Canada is riled about duties on lumber and planemaker Bombardier Inc (BBDb.TO), which is based in the politically important province of Quebec, where Trudeau's Liberals are looking to build up support.

"Strategically, standing up to the Americans plays well at home," said Toronto trade lawyer Mark Warner.

"The Canadians are getting tougher ... they've been more aggressive in their response, in their threats, than perhaps people have realized," he said in a phone interview.

Canadian cabinet ministers have been fanning out across the United States for 18 months, spreading an upbeat message about the benefits of trade.

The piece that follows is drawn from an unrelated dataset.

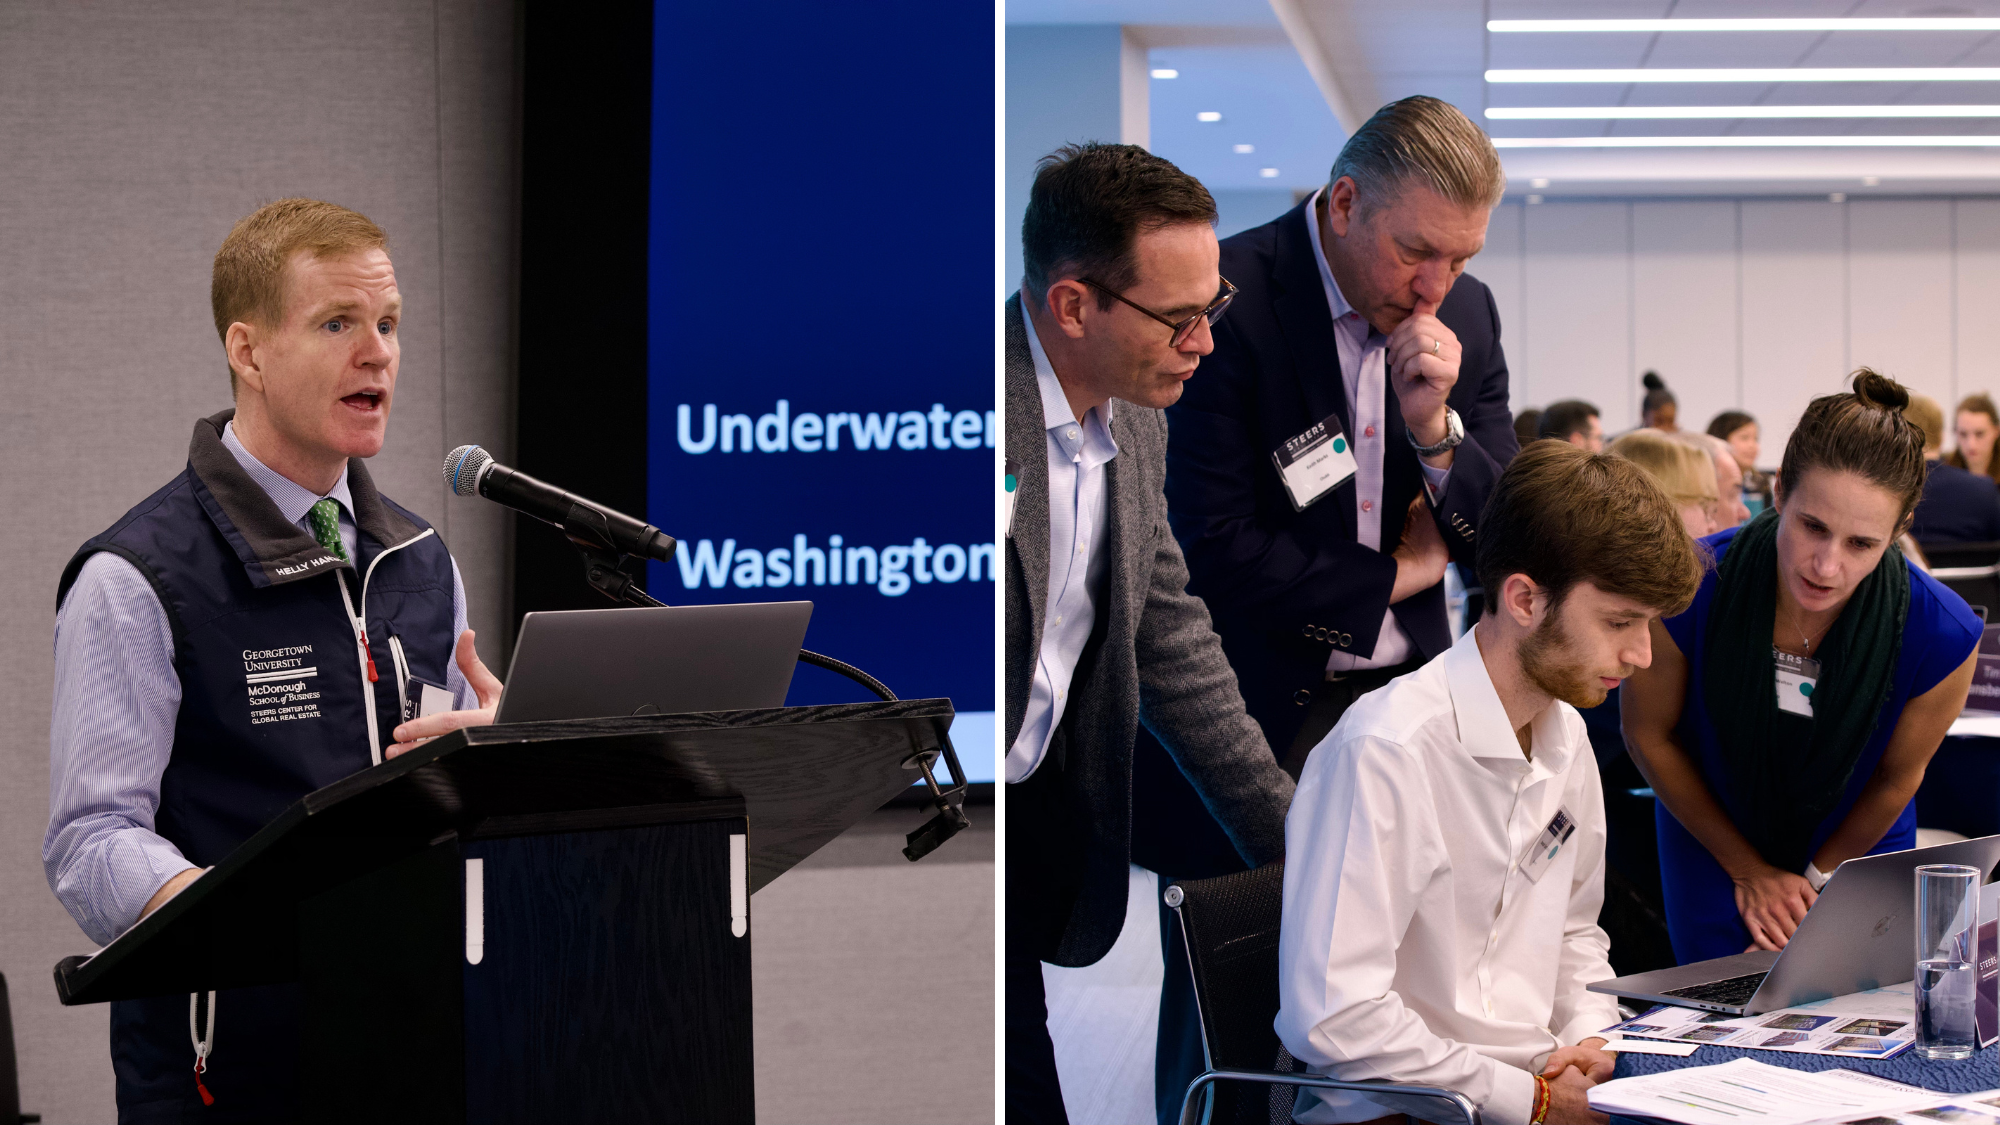 Georgetown's Steers Center for Global Real Estate Convenes Experts to Simulate Climate Change Effects on D.C. Infrastructure

But when Public Safety Minister Ralph Goodale went to Kentucky last week, he gave a speech in which he warned the Americans against "tanking the whole relationship".

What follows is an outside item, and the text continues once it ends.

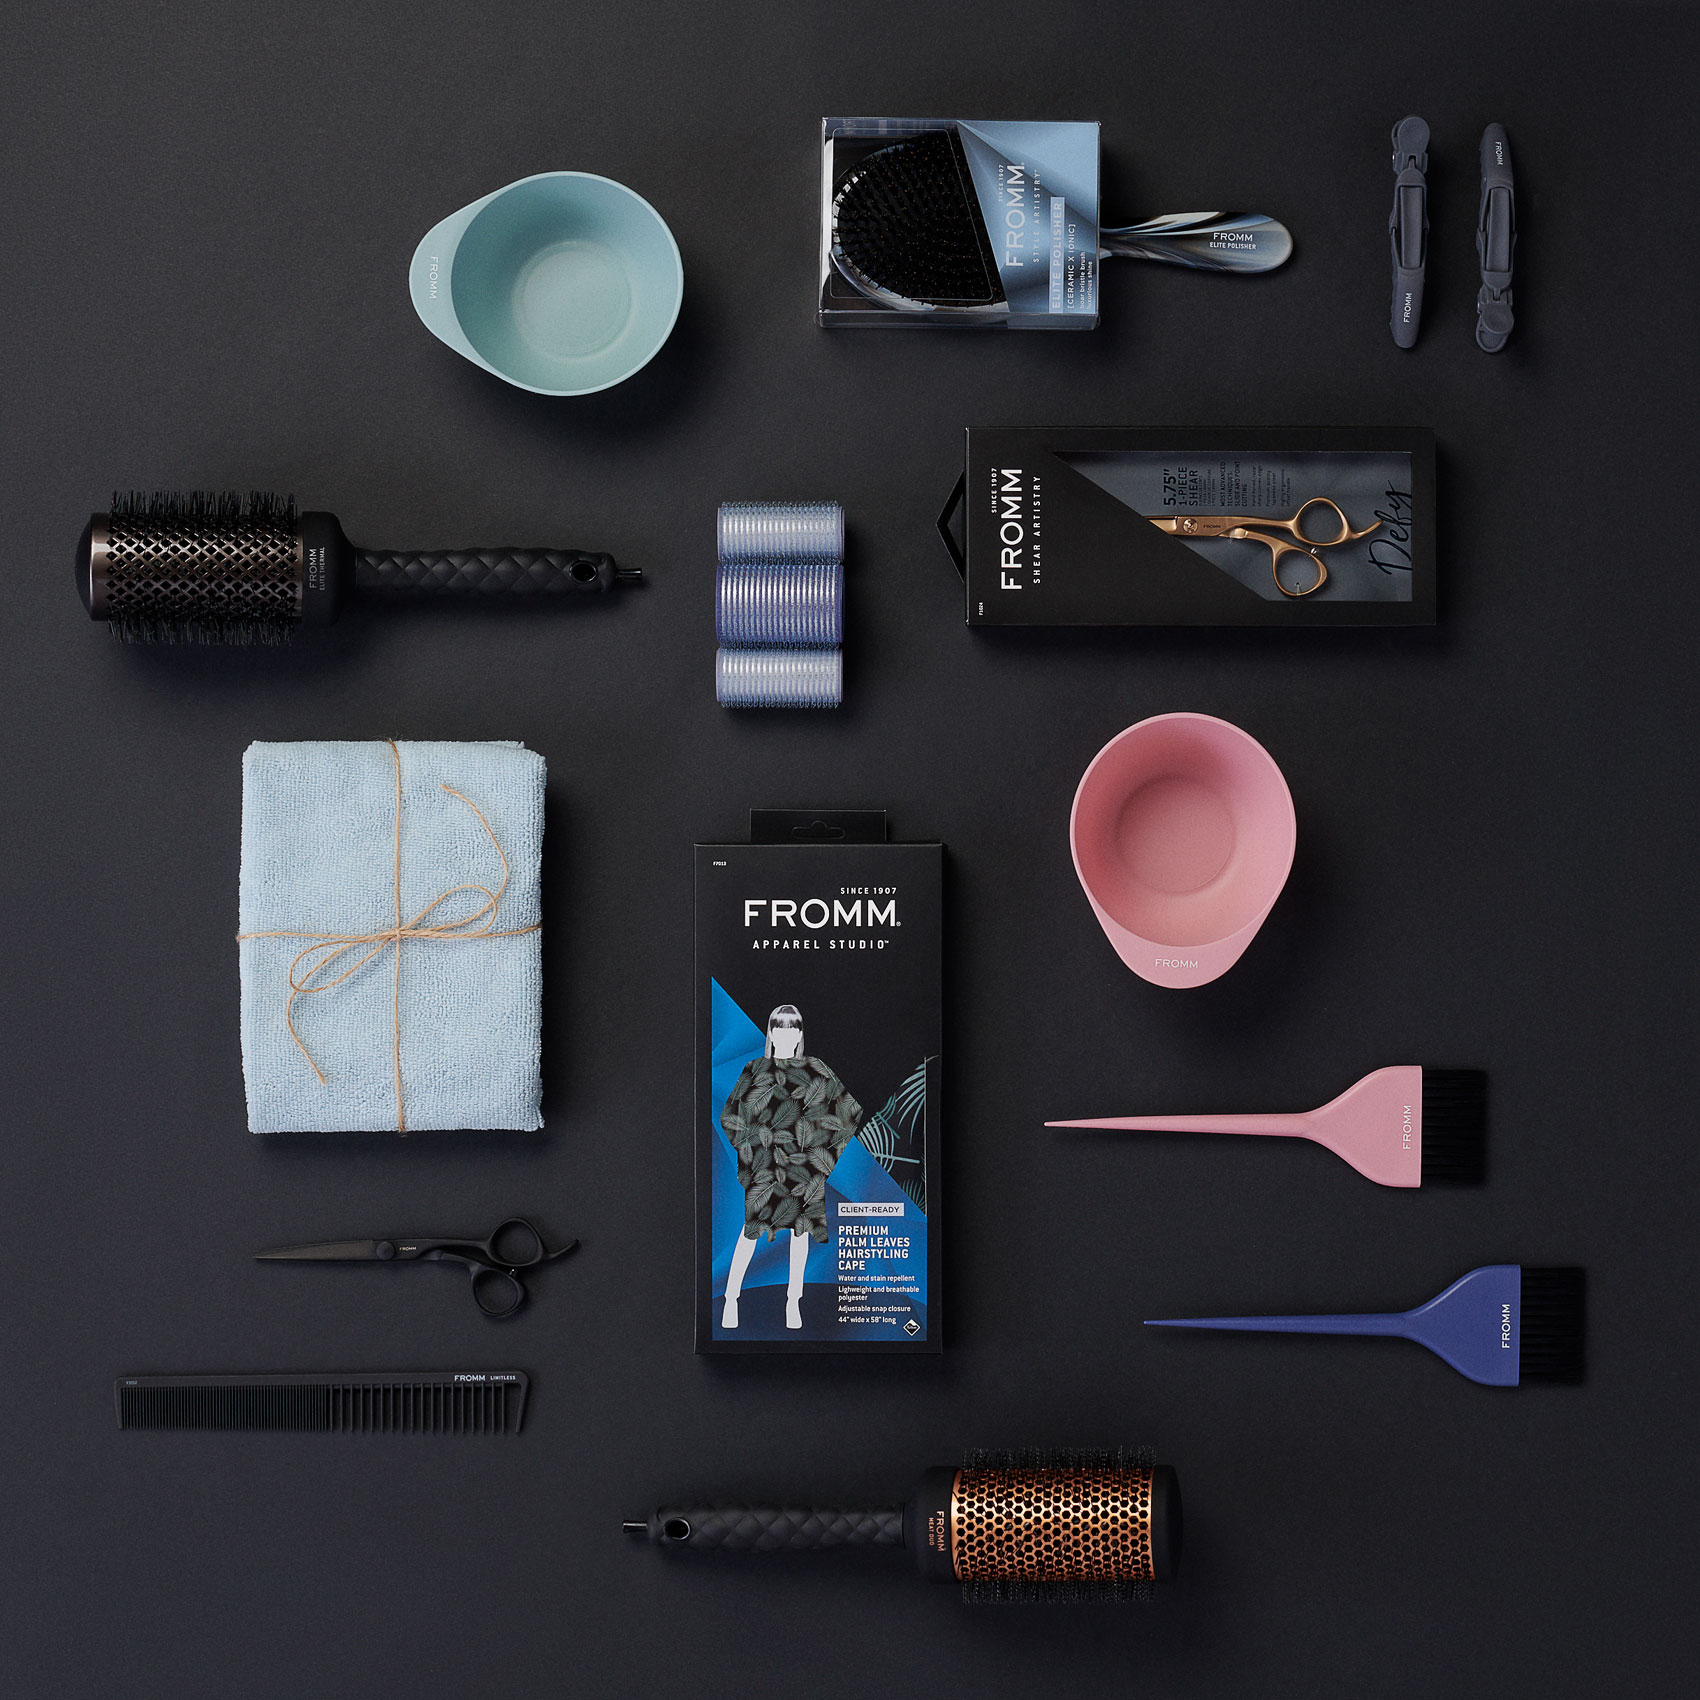 Hair styling tools organized neatly as flat-lay on black surface

Canadian government sources told Reuters on Wednesday they were increasingly convinced the United States plans to announce it intends to pull out of NAFTA, sending markets lower.

On Thursday though, Trump told the Wall Street Journal he would be "a little bit flexible" on his threat to withdraw from NAFTA because Mexico is facing a presidential election this year.

STUCK IN NEUTRAL

Canadian companies and industries that would be most acutely impacted by the pact's demise are largely stuck in neutral given the uncertainty of what might replace it, analysts and executives have said.

Canada and Mexico are unhappy about U.S. demands to establish rules of origin for NAFTA goods that would set minimum levels of U.S. content for autos, a sunset clause that would terminate the deal if it is not renegotiated every five years and ending the so-called Chapter 19 dispute mechanism.

Canadian foreign minister Chrystia Freeland said on Thursday the U.S. threat to quit NAFTA has to be taken seriously. Still, she said it was "absolutely possible to have a positive outcome" in Montreal if all three sides showed good will.

"When it comes to the more unconventional U.S. proposals, we have been doing some creative thinking," she said.

"We have some new ideas," she added. One person familiar with government thinking said some of the ideas related to auto content.

Laura Dawson, director of the Washington-based Woodrow Wilson's Canada Institute, said there were sharp limits to Ottawa's influence.

"There's nothing that Canada could do, short of setting fire to the White House again, that would change the trajectory of whatever it is that Donald Trump is going to do," she said in reference to an 1812 war.